To overcome this failing we propose two alternative techniques which involve either post processing of the
separable median filtered result or an alternative filtering technique.
1 INTRODUCTION
Segmentation is probably one of the most important
and fundamental tasks in computer vision. Despite
the vast literature and literally hundreds of
algorithms, the problem of segmentation still
remains unsolved
(Pantofaru and Hebert, 2005). If each
object in a given scene was of uniform intensity then
segmentation would be trivial but this is not the
case, a given scene will not only contain regions of
uniform intensity but also regions of uniform
texture. Attempting segmentation using solely
intensity features ignoring the presence of texture
will lead to over segmentation due to false edges
generated by the intensity variation within texture. A
common approach to reduce the number of false
edges is to smooth the image prior to segmentation
in an attempt to remove these false edges due to
texture while maintaining edges due to object
boundaries (Deng and Liu, 2003). When working
with intensity based images, a large number of
objects will have similar average intensity values,
thus smoothing will not only remove edges due to
texture but also edges due to object boundaries
leading to under segmentation. Therefore when
attempting to derive accurate segmentation of
intensity images it is important to model the texture
within these images and integrate it with intensity
features in an intelligent manner, so boundaries
between objects which have similar average
intensity values but different textures can be
detected (Corcoran and Winstanley, 2006).
In this paper we focus on the task of extracting
useful texture features from a given image. Texture
is a spatial property and therefore any features used
to describe it must be calculated over a
neighbourhood. A points neighbourhood which is
located across an object boundary may contain two
or more different textures and/or a large intensity
edge giving an unwanted response along the
boundary which we call the texture boundary
response. If segmentation is derived using these raw
features false segments will appear along these
objects boundaries. To overcome this failing it is
common to apply some form of post-processing to
the raw feature images removing the unwanted
response before segmentation is attempted.

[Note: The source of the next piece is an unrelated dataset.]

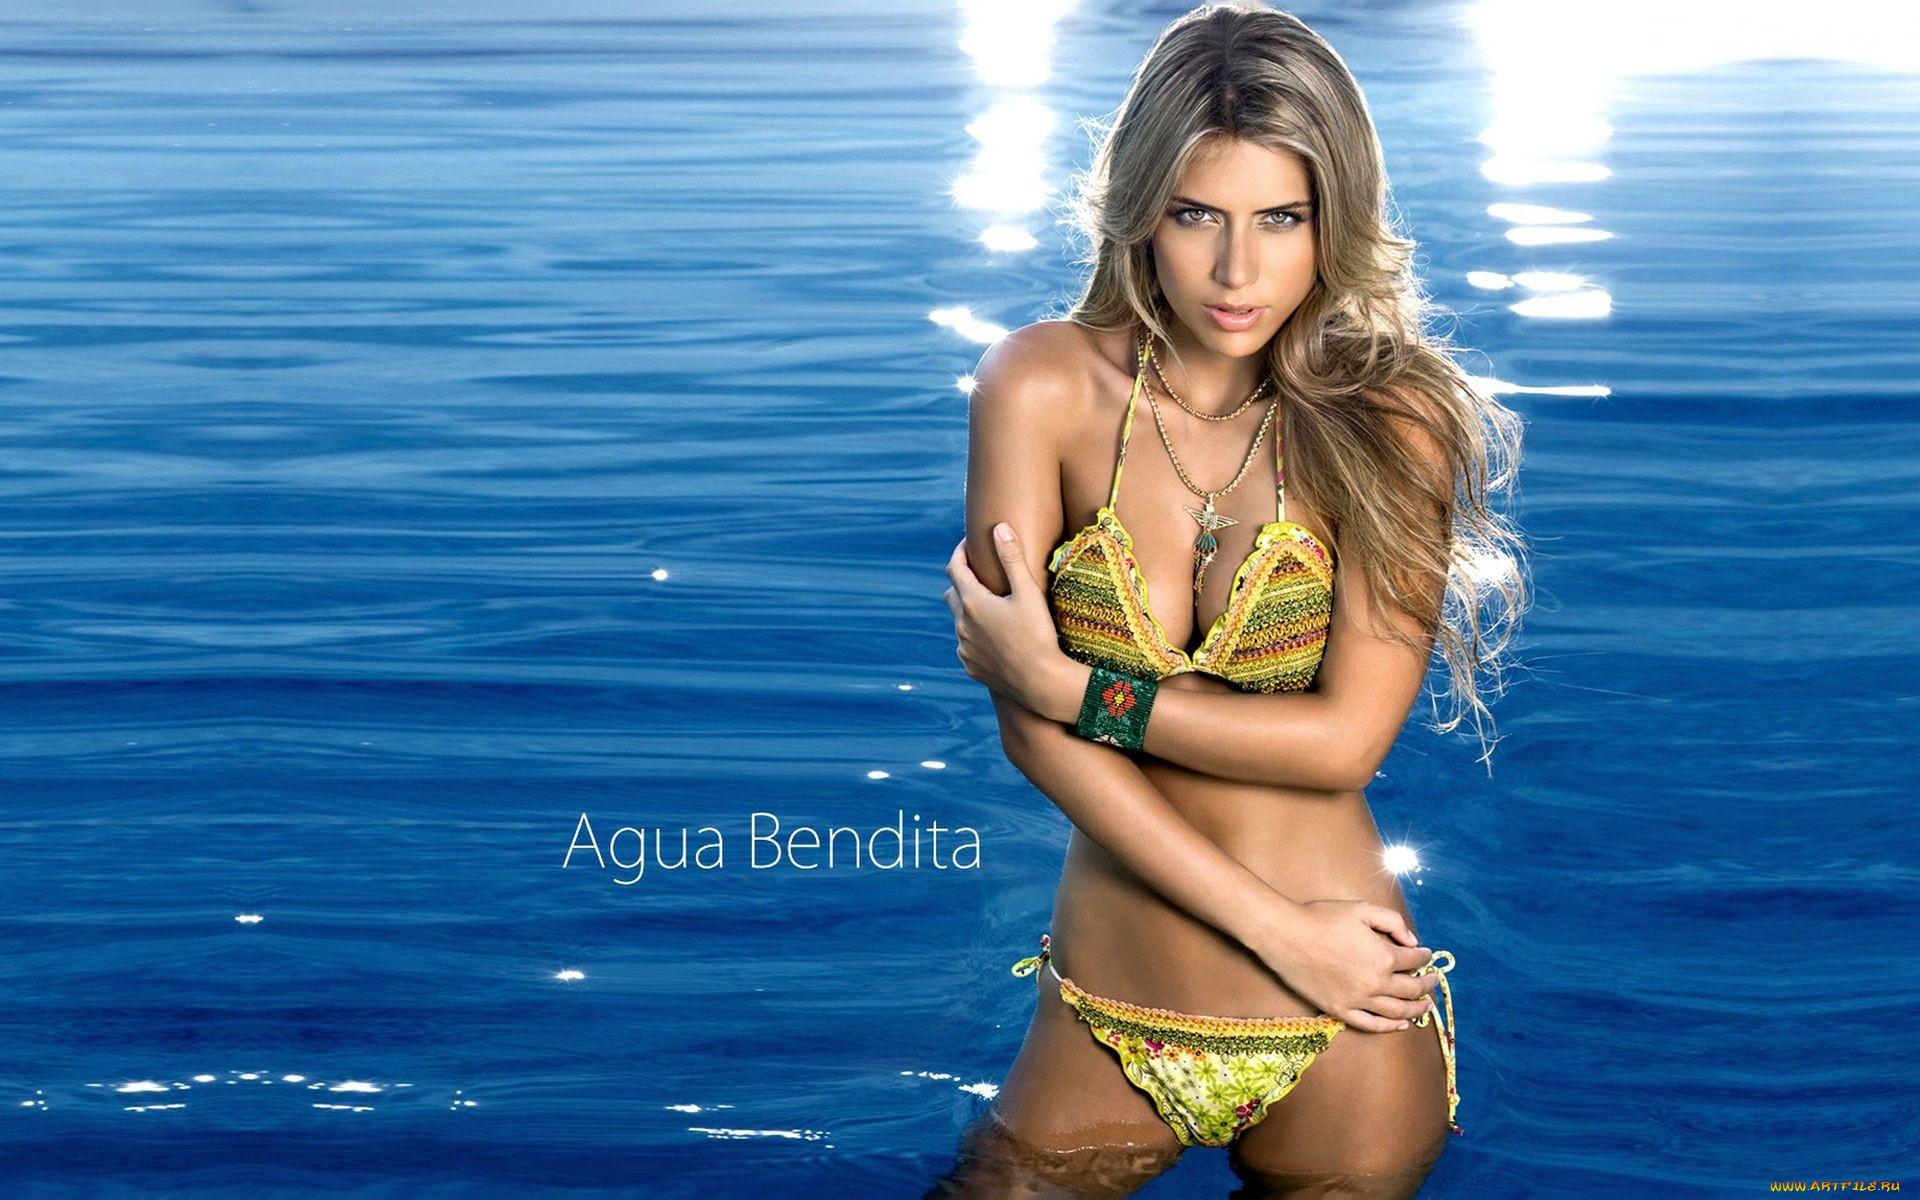 Фото девушки в воде 11 фотография

Although this is a necessary step in any texture
feature extraction process it has received little
attention and thus we believe is poorly understood
363
Corcoran P. and Winstanley A. (2007).
REMOVING THE TEXTURE FEATURE RESPONSE TO OBJECT BOUNDARIES.
In Proceedings of the Second International Conference on Computer Vision Theory and Applications - IFP/IA, pages 363-368
Copyright
c
SciTePress
with no evaluation of existing solutions available in
literature, of which we are aware.
Figure1: Schematic of overall system within which each
boundary response removal technique is evaluated.
In an effort to provide a better understanding of
the boundary response problem, the different types
of responses which may occur in texture feature
images are described. We evaluate all know
solutions to remove these with separable median
filtering being the most accurate. An in-depth
evaluation of separable median filtering shows it
fails to remove certain types or parts of object
boundary responses. To overcome this we propose
two new techniques. The first operates as a post
processing technique to the separable median
filtering and the second is a separate filtering
technique. Evaluation is performed by judging the
effectiveness of the boundary response removal
techniques with respect to the improvement in
segmentation achieved once they have been applied.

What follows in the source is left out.